FUE HIJO DE LA SEÑORA PAVLOVA, Y POR HUÉRFANO DE PADRE LO LLEVARON A SERVIR DE NIÑO DE LA GUARDIA. El día que la señora Pavlova le sirvió arroz con camarones a un General, él le pidió la receta para que le prepararan el arroz en Casa Presidencial.

Agradecido por la deliciosa comida él le dijo: si tienes algo en que pueda ayudarte dímelo.

Ella le mencionó que era viuda joven y tenía tres hijos, una niña y dos varones, los cuales estaban en la edad de ser inquietos, viviendo con una tía abuela en San Pedro Nonualco, pueblo de calles empedradas, mientras la señora Pavlova se partía el espinazo para enviarles dinero y ropa.
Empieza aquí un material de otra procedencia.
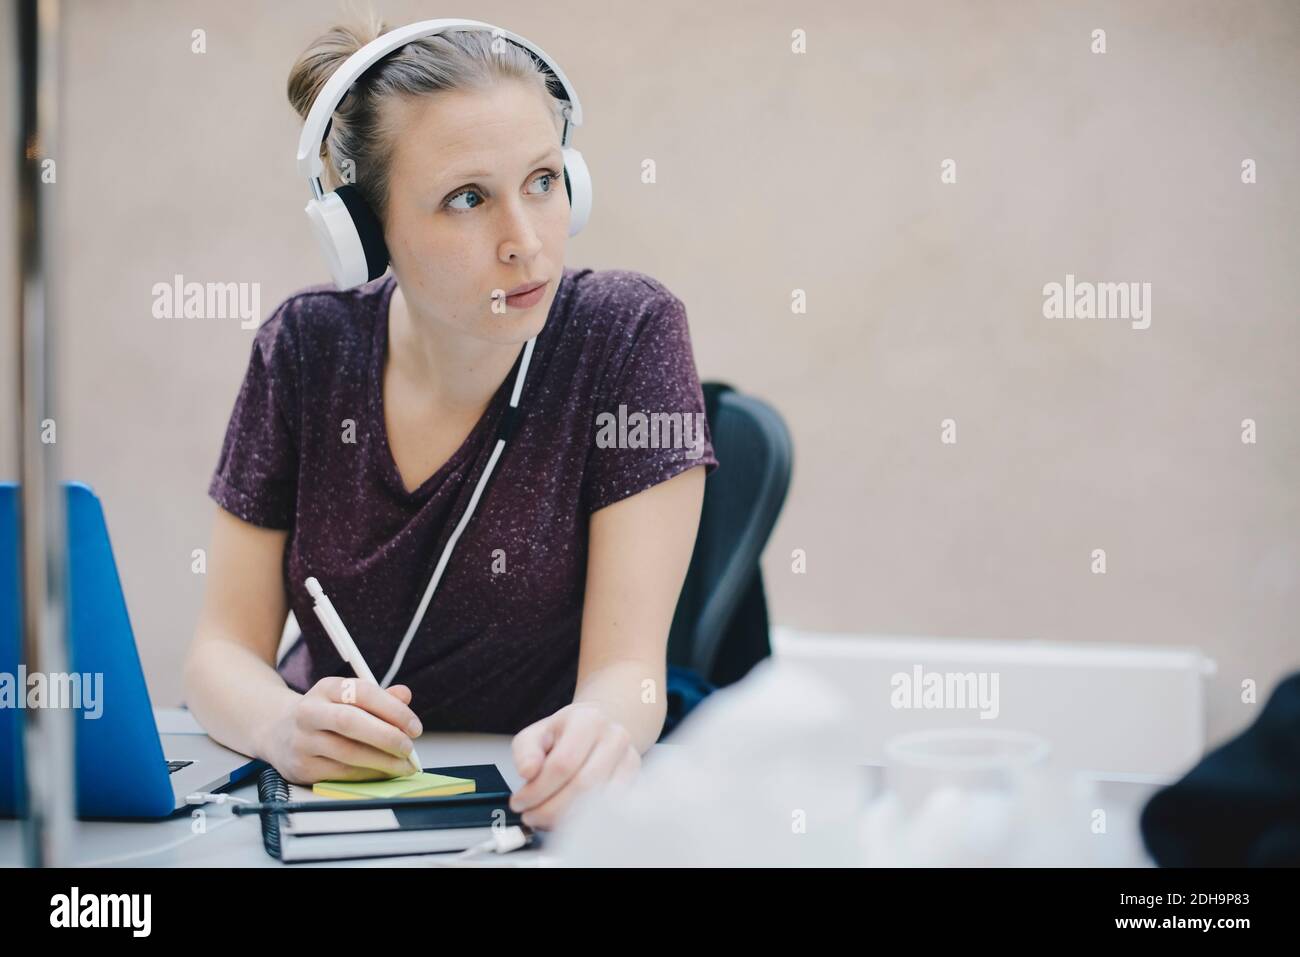 Female computer programmer looking away while writing on adhesive note in office Stock Photo

Aunque ellos nunca lo vieron con gratitud, sino como una obligación y nunca reconocieron ese amor de madre, incluso cuando llegaron a ser bisabuelos, siempre iban a casa de la señora Pavlova para ver qué podían llevarse.

Ella le dijo que deseaba que sus hijos estuvieran en un lugar en donde tuvieran estudio, alimento y disciplina, para que fueran personas de bien. El general escribió una nota y se la dio.

– Con esto te ayudaré y sacarán provecho y serán hombres de bien.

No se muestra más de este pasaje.